Thesis Defense: Minjoon Kouh - "Toward a More Biologically Plausible Model of Object Recognition"

Speaker: Minjoon Kouh , Physics Department , MIT
Date: May 10 2007
Time: 1:00PM to 3:00PM
Location: Rm. 46-3310
Host: Prof. Tomas Poggio, BCS Dept., McGovern Institute and CSAIL
Contact: Mary Pat Fitzgerald, 617-253-0551, marypat@csail.mit.edu
Relevant URL: Rapidly and reliably recognizing an object (is that a cat or a tiger?) is obviously an important skill for survival. However, it is a difficult computational problem, because the same object can appear differently under various conditions, while different objects can share similar features. An emerging picture from decades of neuroscience research is that the cortex overcomes this challenge by gradually building up specificity and invariance with a hierarchical architecture.
I will present an extended version of a computational model of object recognition, originally proposed by Riesenhuber and Poggio (1999).
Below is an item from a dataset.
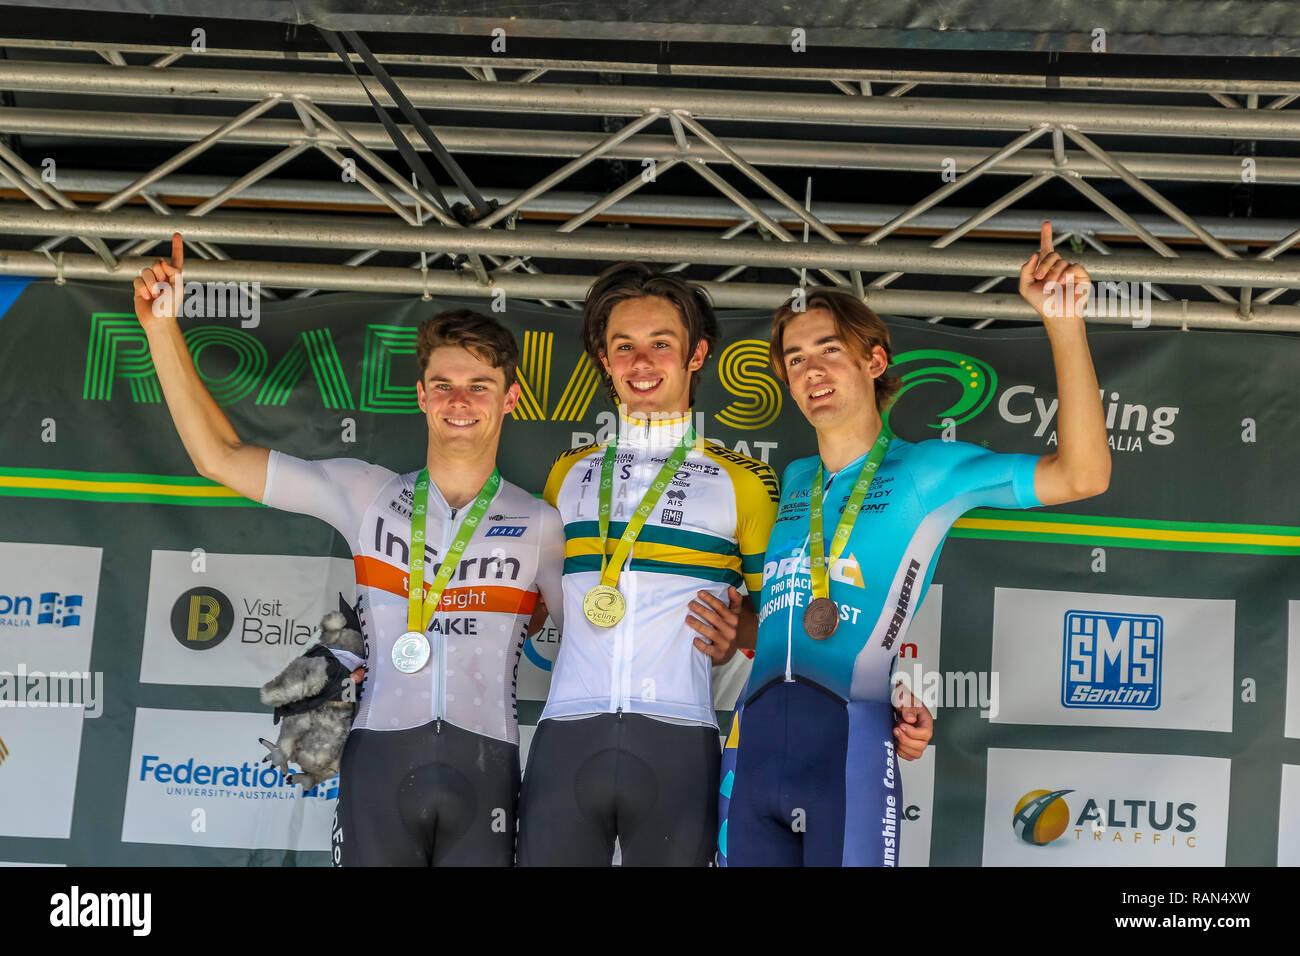 Ballarat, Victoria, Australia. 5th January, 2019. Poduim for 2019 Australian Road National Championships Under 19 Men Road Race - Podium -Winner -#10 Patrick Eddy - 2nd Place #11 Samual Eddy - #3rd Place #77 Alastair Mackellar.The race was over 104kms with nine  11.6 km laps of the course.Eddy won the race with a time of 2hr48.28 with a gap of 1.34 back to second place Brother Samual Eddy and further 1.34 to third Place getter Alastair Mackellar. Credit: brett keating/Alamy Live News Stock Photo

The model quantitatively describes the anatomy, physiology, and the first few hundred milliseconds of visual information processing in the ventral pathway of the primate visual cortex. I will show that the two main operations in the model (Gaussian and maximum) can be cast into a more biologically plausible form, using monotonic nonlinearities and divisive normalization. I will propose a possible canonical neural circuitry that can compute these operations and is closely related to other models of cortical nonlinearities (e.g., energy model and other divisive normalization models). Second, I will show that the shape tuning properties of the model units are in good agreements with several experimental data measured from the corresponding visual areas, in particular V4 and the inferotemporal cortex.